Comment 18•10 years ago
|
||
(In reply to James Zhang from comment #10) > We can meet this issue every day with 12 hours monkey test. > Danny, do you also meet it on your side? We also met this issue, 4 devices all are black screen under 24 hr monkey test. My build included part 1~3 of bug 1007520 and some debug patches, detail in https://github.com/dannyliang/tarako-patches
Flags: needinfo?(dliang)
Comment 19•10 years ago
|
||
(In reply to yang.zhao from comment #17) > Hi,Ting-Yu > Does the three parts of patch in bug 1007520 are all needed?If not,please > tell me which patch should I use for testing this issue.Thank you! According to comment 18, the patches do not help.
Flags: needinfo?(tchou)
Reporter | ||
Comment 20•10 years ago
|
||
(In reply to Alive Kuo [:alive][NEEDINFO!] from comment #16) > Hi, could you see if the patch of bug 1007520 helps? I cannot reproduce > locally too. hi,Alive Is it possible that it's Bug 1014704 - '[B2G][Tarako][E.me] Everything.me apps are not adding to homescreen when selecting 'Add to Homescreen' causes the issue ?
Flags: needinfo?(alive)
Comment 21•10 years ago
|
||
(In reply to yang.zhao from comment #7) > E/GeckoConsole( 599): [JavaScript Error: "TypeError: this.frame is > undefined" {file: "app://system.gaiamobile.org/js/window.js" line: 120}] Any idea that how can the frame be undefined? If an ActivityWindow is instantiated with a caller without frame, the containerElement will be "windows", which matches what Fabrice found in comment 9.
Comment 22•10 years ago
|
||
(In reply to Ting-Yu Chou [:ting] from comment #21) > (In reply to yang.zhao from comment #7) > > E/GeckoConsole( 599): [JavaScript Error: "TypeError: this.frame is > > undefined" {file: "app://system.gaiamobile.org/js/window.js" line: 120}] > > Any idea that how can the frame be undefined?

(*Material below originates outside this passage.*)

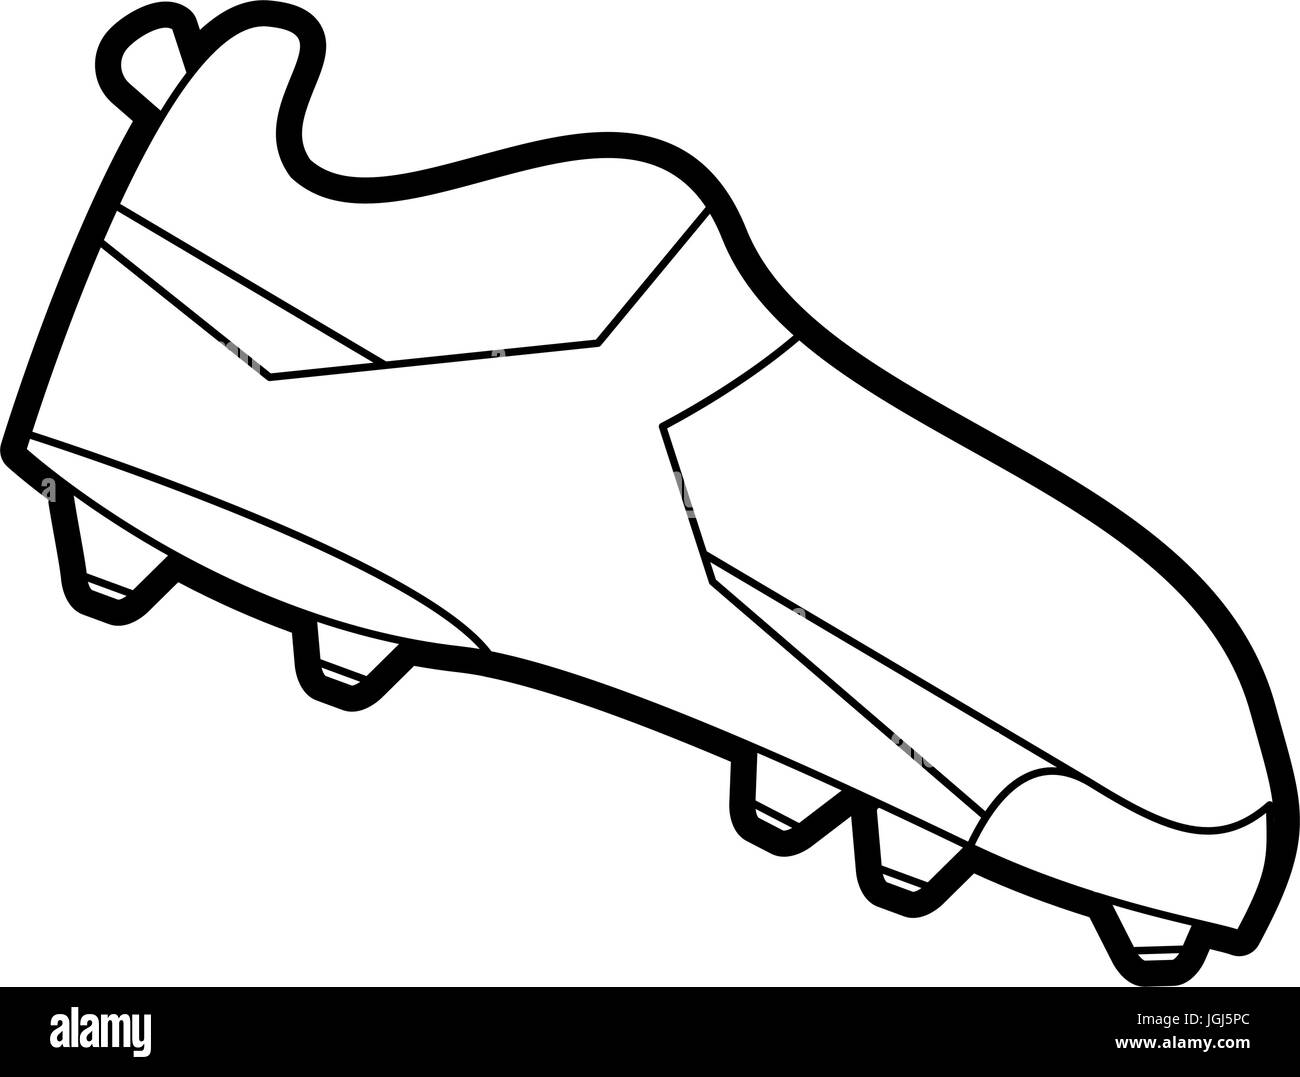 soccer shoe vector illustration Stock Vector

If an ActivityWindow is > instantiated with a caller without frame, the containerElement will be > "windows", which matches what Fabrice found in comment 9. Might be, but I really don't know why this will happen. 1. Does inproc homescreen causes this bug? 2. Could you log down something in activity_window?
Flags: needinfo?(alive)
Reporter | ||
Comment 23•10 years ago
|
||
(In reply to Alive Kuo [:alive][NEEDINFO!] from comment #22) > (In reply to Ting-Yu Chou [:ting] from comment #21) > > (In reply to yang.zhao from comment #7) > > > E/GeckoConsole( 599): [JavaScript Error: "TypeError: this.frame is > > > undefined" {file: "app://system.gaiamobile.org/js/window.js" line: 120}] > > > > Any idea that how can the frame be undefined? If an ActivityWindow is > > instantiated with a caller without frame, the containerElement will be > > "windows", which matches what Fabrice found in comment 9. > > Might be, but I really don't know why this will happen. > 1. Does inproc homescreen causes this bug? > 2. Could you log down something in activity_window? This issues happens after the patch for inproc homescreen,but I don't think we could say that inproc homescreen caused this bug. I reverted the patch in Bug 1014704 ,and run monkey test on two phones,it seems that this issue didn't happen. If you want some log in activity_window,you can add some log,and I will help to run the monkey test again.
Comment 24•10 years ago
|
||
We have removed bug 1014704 with WIP patch.
Comment 25•10 years ago
|
||
(In reply to James Zhang from comment #24) > We have removed bug 1014704 with WIP patch. Not a good idea imho. You should rather take the followup in bug 1017331
Updated•10 years ago
|
Flags: needinfo?(yang.zhao)
Reporter | ||
Comment 26•10 years ago
|
||
(In reply to Fabrice Desré [:fabrice] from comment #25) > (In reply to James Zhang from comment #24) > > We have removed bug 1014704 with WIP patch. > > Not a good idea imho. You should rather take the followup in bug 1017331 Already get bug 1014704 back.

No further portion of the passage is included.